We found many differences when comparing the different factors for each borough.
- Medians of each factor in Manhattan:
- Proportion of 18-64 year olds who are uninsured: 0.07404
- Median Income: 101,303
- Proportion self-identifying as White: 0.6599
- Proportion of households with 4 or more people: 0.09722
- Proportion of population that commutes by bus: 0.067622
- Proportion of elderly population (65+ years of age): 0.1295
- Medians of each factor in Queens:
- Proportion of 18-64 year olds who are uninsured: 0.1424
- Median Income: 62,841
- Proportion self-identifying as White: 0.41673
- Proportion of households with 4 or more people: 0.2275
- Proportion of population that commutes by bus: 0.11297
- Proportion of elderly population (65+ years of age): 0.13538
It was really interesting to observe that most if not all the median values of the above factors differed significantly (other than the proportion of the elderly population) in each county.

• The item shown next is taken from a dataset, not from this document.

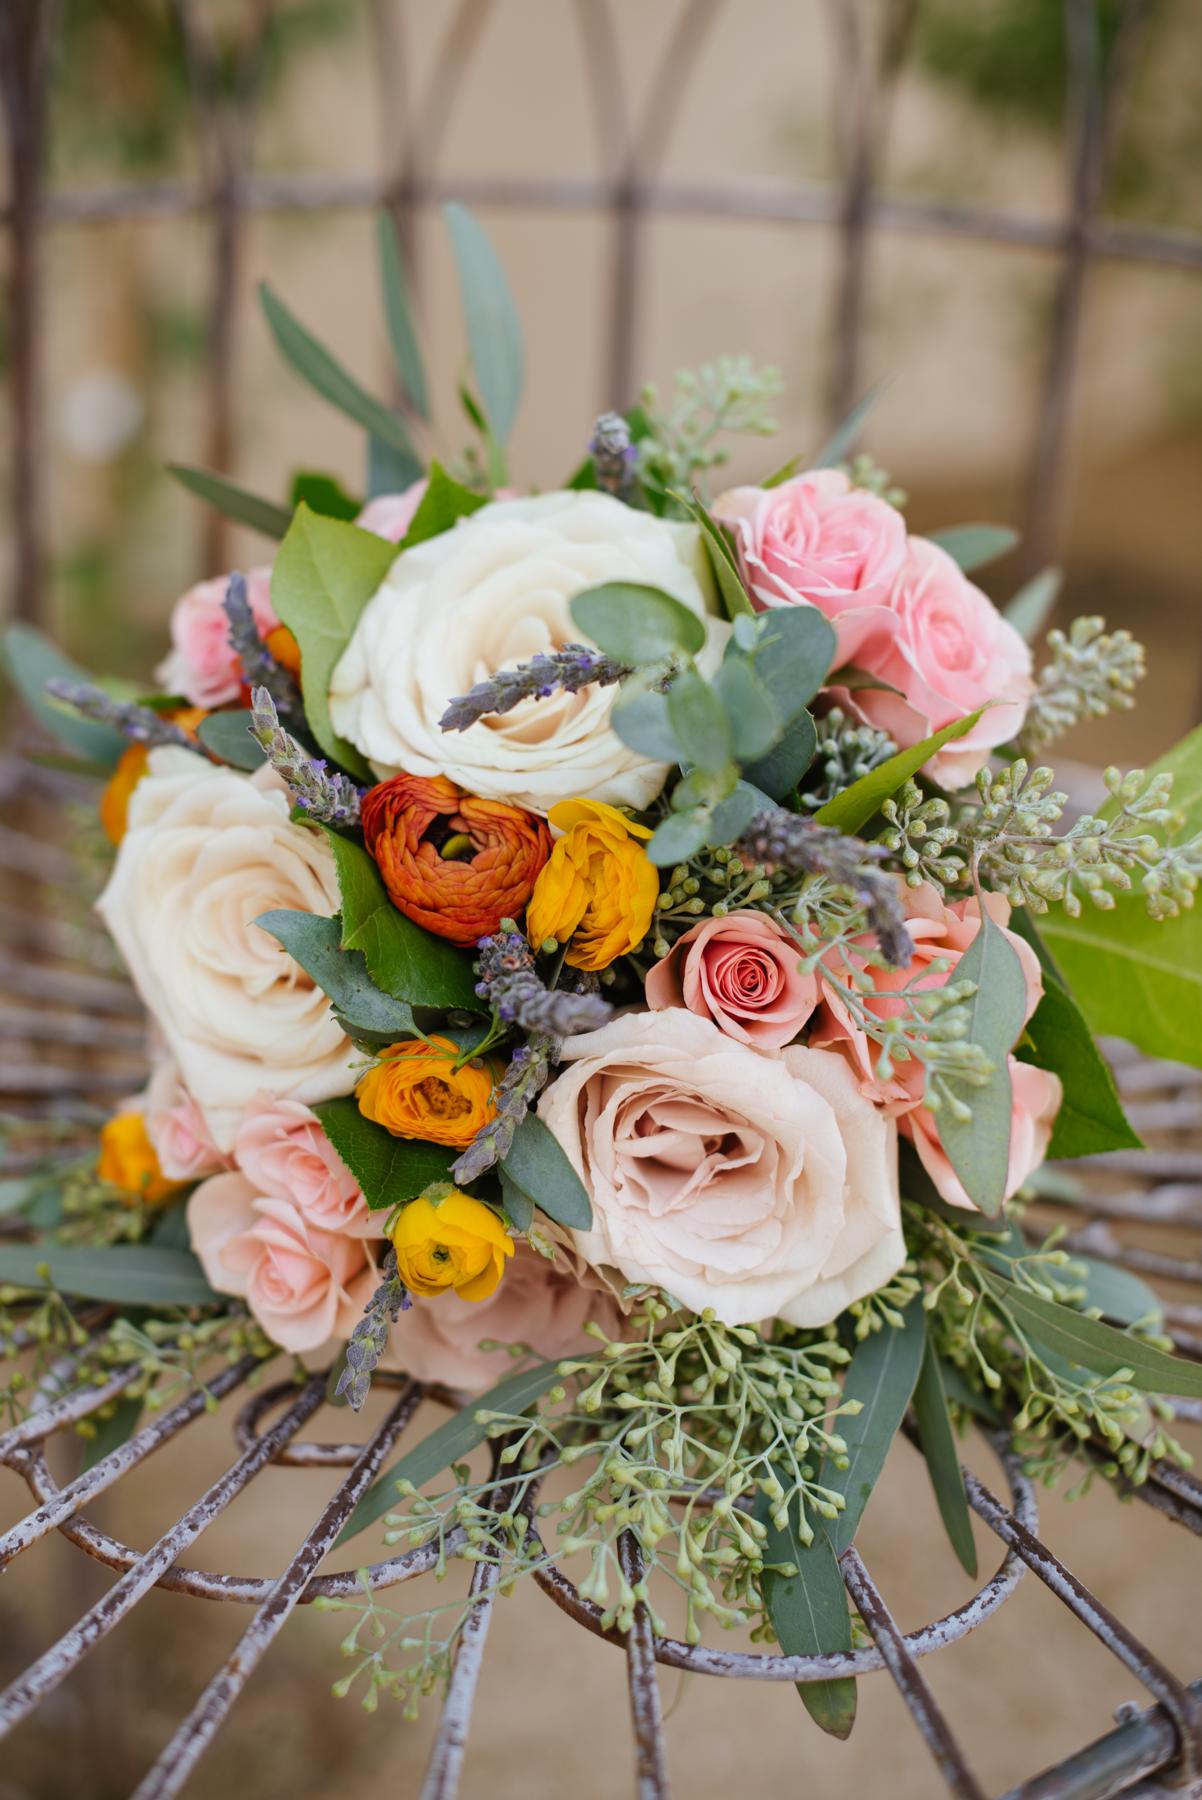 Secret Garden Event Center Wedding - Meredith Amadee Photography-49.jpg
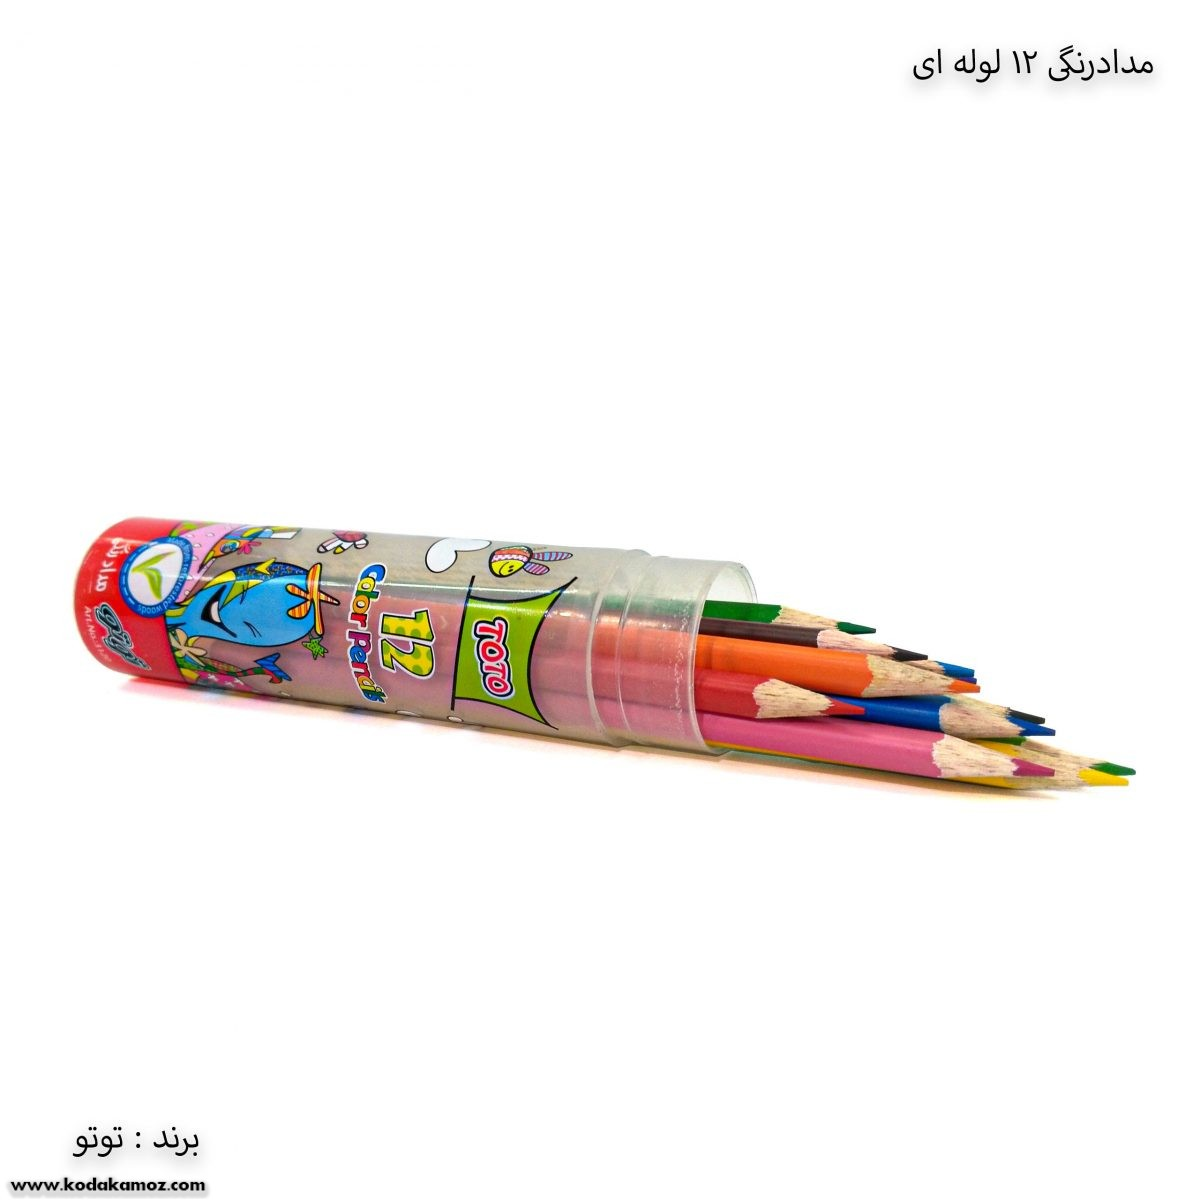 مداد رنگی 12 لوله ای توتو 1

Then we wanted to test how each of these factors both individually and together interacted with the proportion of positive test results in each of the counties using linear models.
The linear model with the highest adjusted r-squared value for Manhattan included the following variables:
- proportion of 18- to 64-years old who are uninsured
- proportion of people who self-identified as white
- median income
This linear model had an adjusted r-squared of roughly 0.4002.
The linear model with the highest adjusted r-squared value for Queens included the following variables:
- median income
- proportion of population living in households with more than three inhabitants
- proportion of population using public transportation to commute to work that includes bus travel
This linear model had an adjusted r-squared of roughly 0.3887.
We also added the change in mobility variable to these models, to see if its addition would increase the mdoel's r-squared value.
- The linear model with mobility for Manhattan had an adjusted r-squared of 0.3847.
- The linear model with mobility for Queens has an adjusted r-squared of 0.3745.
For both counties, adding the change in mobility to both models decreased the adjusted r-squared only slightly, and thus the linear model may be better off without the added mobility. However, perhaps there is a better combination of variables outside of the model we worked with that uses mobility to explain the positivity proportion of these NYC counties. Overall, it was interesting to explore the New York and Queens counties more in depth and how certain socioeconomic and mobility factors impacted the proportion of positive test results in these areas.